China has been sending astronaut trainees to Russia for the past four years, and U.S. intelligence officials told MSNBC that the first human flight could come late next year. One official cautioned, however, that any failure along the way “of course could move it back.”

Xinhua said there would be further unmanned tests in advance of human orbital flight — which was in line with experts' expectations.

“They would be very foolish not to run several flight tests before they launch it manned,” said Charles Vick, senior research analyst at the space defense policy office of the Washington-based Federation of American Scientists.

LONG-RANGE PLAN

In the long run, the Chinese space program could have an impact far beyond public relations. The Chinese “have never done anything purely for propaganda's sake,” said Phillip Clark, a British expert on human space programs.

“Their programs have had remote sensing, photo reconnaissance, meteorology, communications and military operations as priorities, not propaganda,” he said.

Research analyst Vick said “the manned space program does represent potentially what looks like the development of a human-based photo reconnaissance program.” Successes in space would also show over the long run that the Chinese “are able to compete (technologically) and be a part of international programs for their own purposes.”

Such a view was supported by a recent Pentagon report, acknowledging that international prestige was a factor behind China's space program but also noting that “manned space efforts could contribute to improved military space programs in the 2010-2020 time frame.”
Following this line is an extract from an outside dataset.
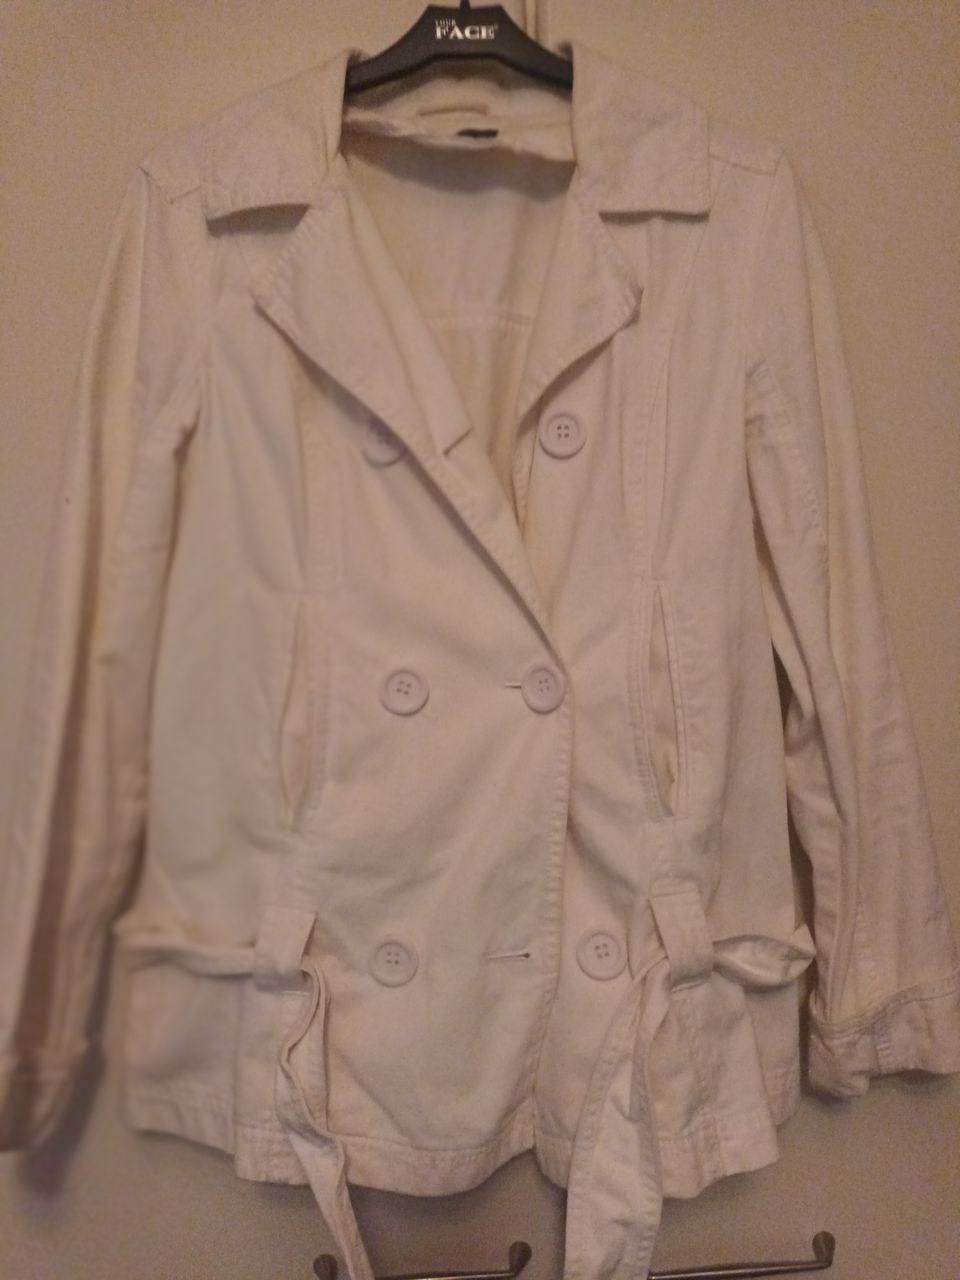 Valkoinen takki, koko M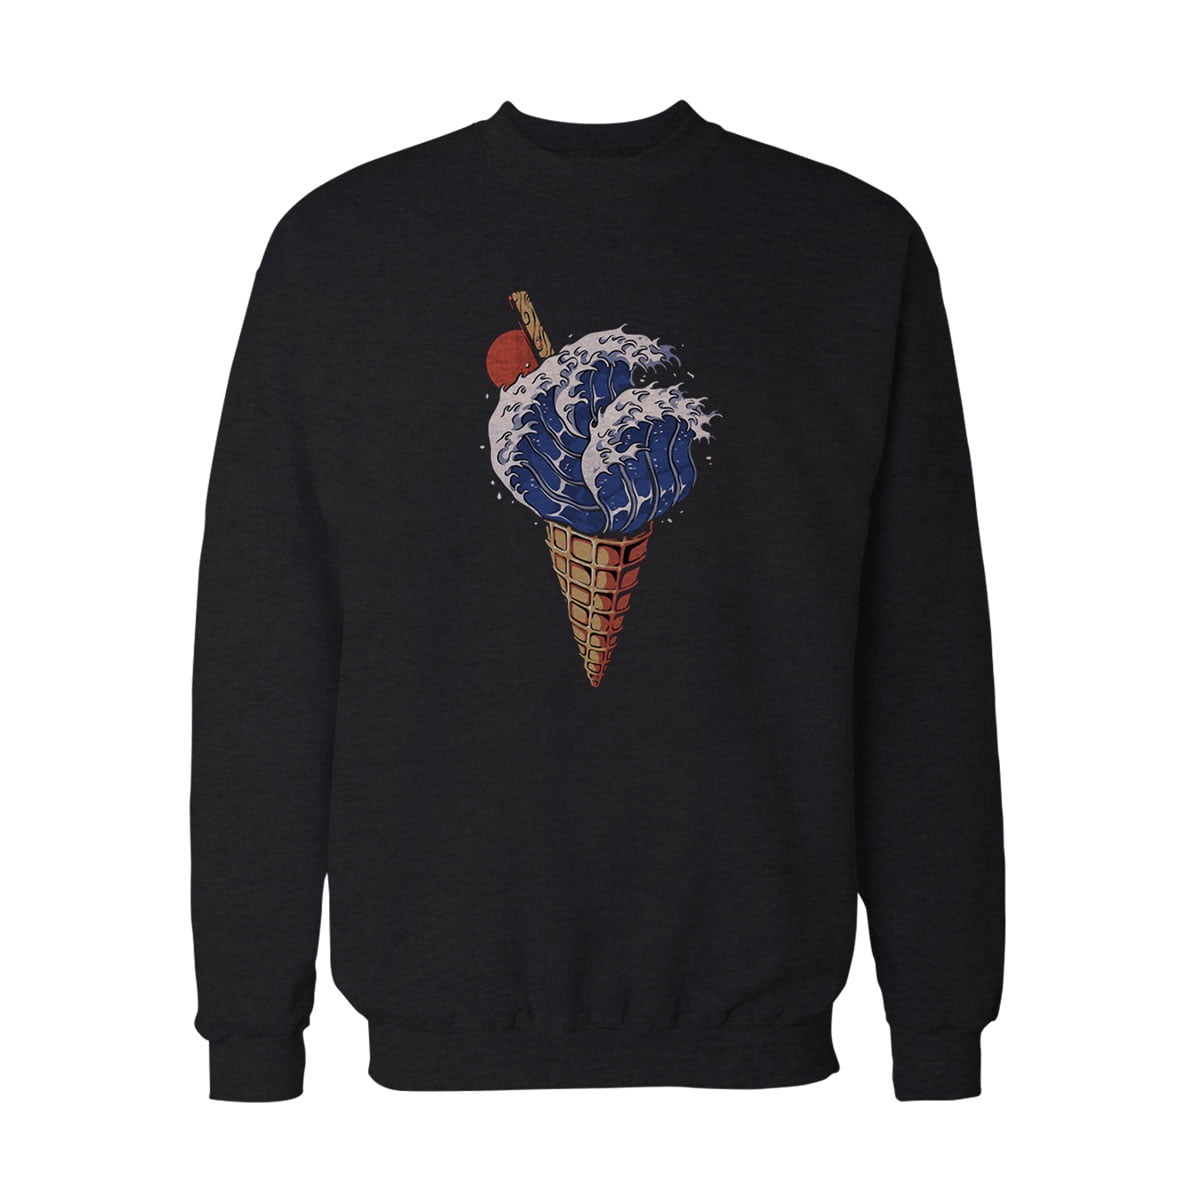 Dondurma Ice Cream No2 Sweatshirt S

Diagrams and artist's conceptions related to Project 921 indicate that the Chinese are considering the full complement of space vehicles — including a space station based on Russian designs.

As early as 2001 or 2002, the nation is likely to put into orbit a small lab that future crews can visit, Clark said. And some predict that the Chinese could try to put a human on the moon by the year 2010.

“Early in the next century, the Chinese expect to have a ‘space plane' and a lunar lander. A trip to Mars is also being considered,” said William C. Triplett, co-author of “Year of the Rat,” a book on Chinese attempts to obtain Western military technology.

“All of that has military significance,” he said.

China's space signals

More signs that Beijing is serious about space:

Chinese-Russian cooperation: The Chinese have bought rocket engines as well as Soyuz space components from Moscow. Two Chinese visitors have gone through astronaut training in Russia. Click here for more on the Chinese-Russian connection
• Satellites: China has conducted 16 successful flights of its recoverable satellite technology, with one failure since the 1970s. Many of the spacecraft have been spy satellites. The latest model weighs nearly 3 tons and can stay in orbit for 15 days.
• Biological research: The Chinese launched dogs and mice on suborbital flights in the mid-1960s. In 1990, it sent up a "biosat" carrying 60 plants and animals - and recovered them safely.